Женщины заволновались. Поднялся шум. Кто-то гневно выкрикнул:
— А-а-а, обирать нас, насиловать можете… Говорить с нами не можете…
Напрасно шумели женщины. Фашист приказал полицейским выгнать их.
Выталкивая женщин, Махор остановился возле Нади. Он глянул в сторону офицера и спросил:
— А ее тоже?..
— Пройдите к столу, госпожа! — пригласил офицер.
— Данке! — ответила Надя. — Я останусь здесь, среди людей…
Офицер недовольно поморщился и пробормотал что-то гадкое. Смущение докторши было замечено, и лица мужчин посуровели. Офицер приказным тоном поучал:
— Слово «товарищ» отменяется! Теперь нет товарищей, есть подданные великой немецкой империи. Обращаясь друг к другу, говорите «пан», «господин».
— Пан офицер! — вдруг поднялся старик. Он вышел к столу, вид его был ужасен. Худой, бледный, на ногах чуни, на плечах обтрепанный балахон. В руках он мял шапчонку с оторванным ухом. — Понимай так, что я пан или господин?
В зале хмыкнули в один голос. Гитлеровец быстро вынул из портфельчика пенсне, надел его и грозно посмотрел на деда.
— Ты старый человек… Какой ты пан? Ты… Ты… русский бедный дед.

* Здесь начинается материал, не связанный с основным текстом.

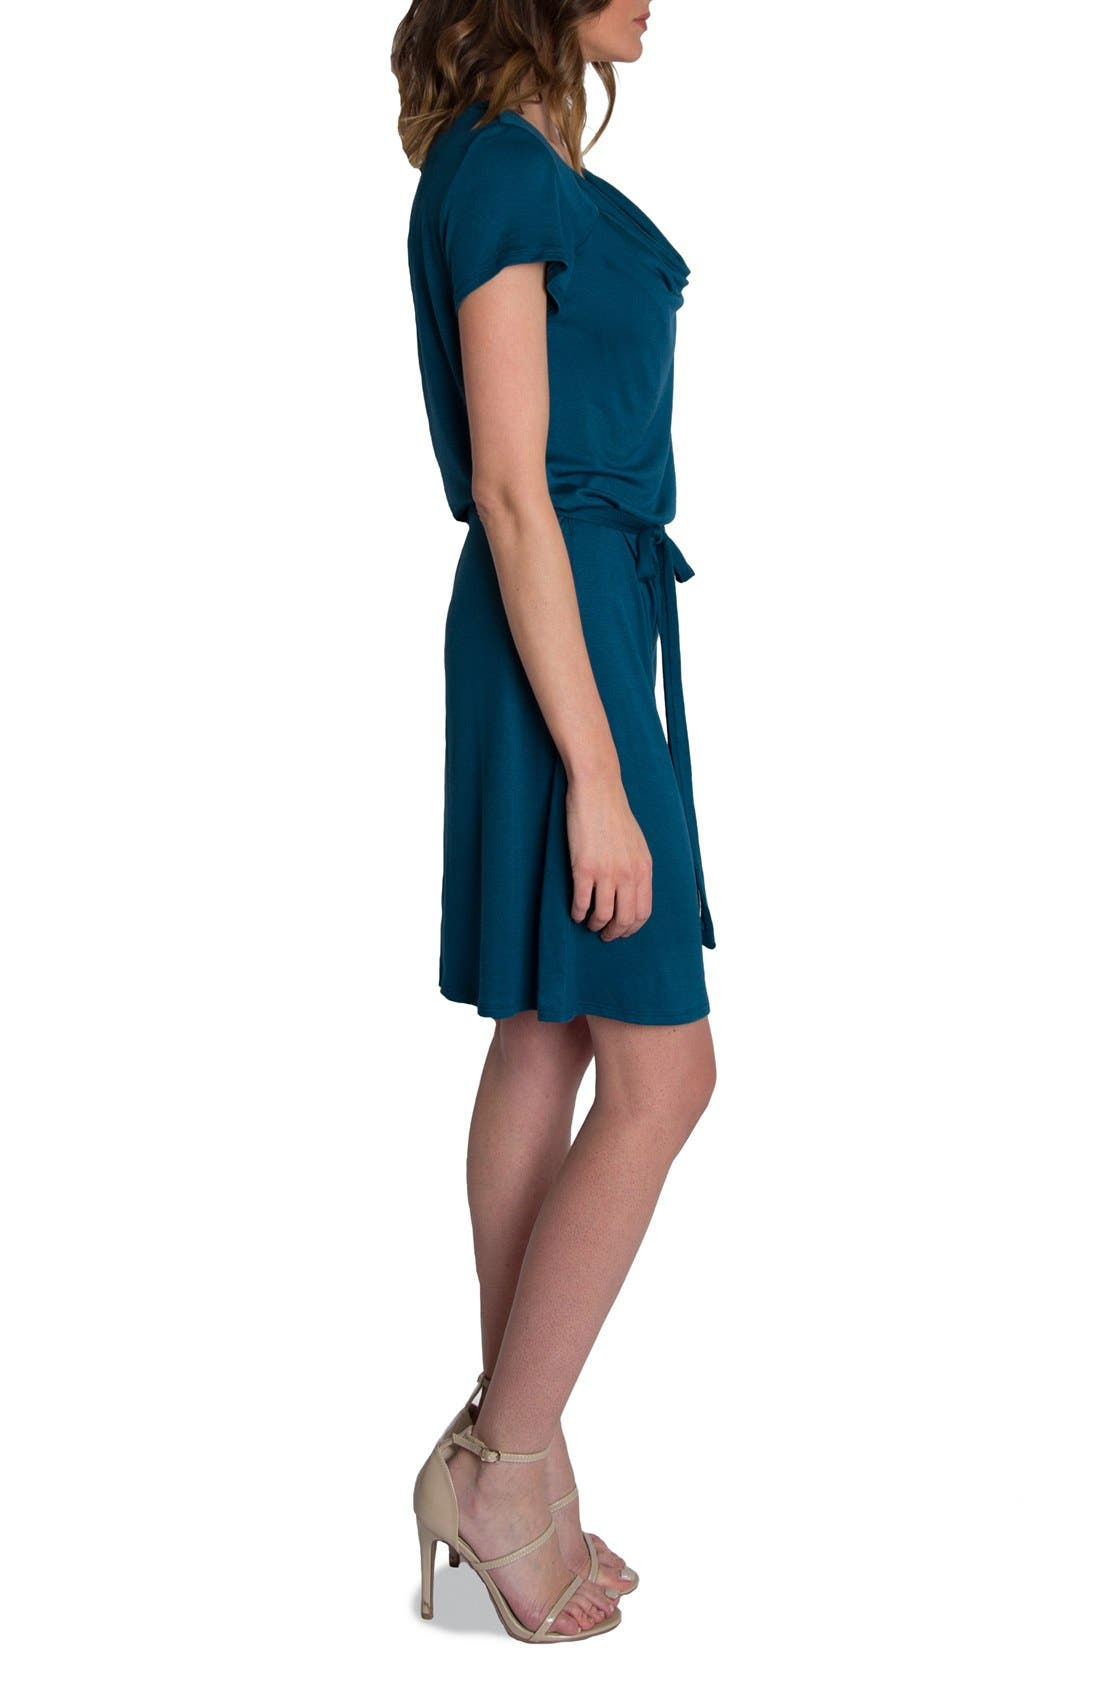 'Chic' Cowl Neck Nursing Dress,                             Alternate thumbnail 3, color,                             Teal

— Ага, ага! — согласно закачал лохматой головой старик. — Бедный дед! Бедный дед! А почему через мой дом прошел херманец? Все выскреб. Это херманец в чуни меня обул и в лохмоты…
Махор, стоявший позади у дверей, крикнул:
— Дед, ты что прешь? Замолчи, дурья твоя башка.
— Ты, полицай, не смейся! А ешо, господин охфицер, меня били… Не дюже… А усе же… Не битые мы много лет… Потому душа моя — неподходящая для битья штука. Она, душа моя, собственная. Душа у меня от самого рождения чувствительная. Потому хуже смерти, ежели карябают душу.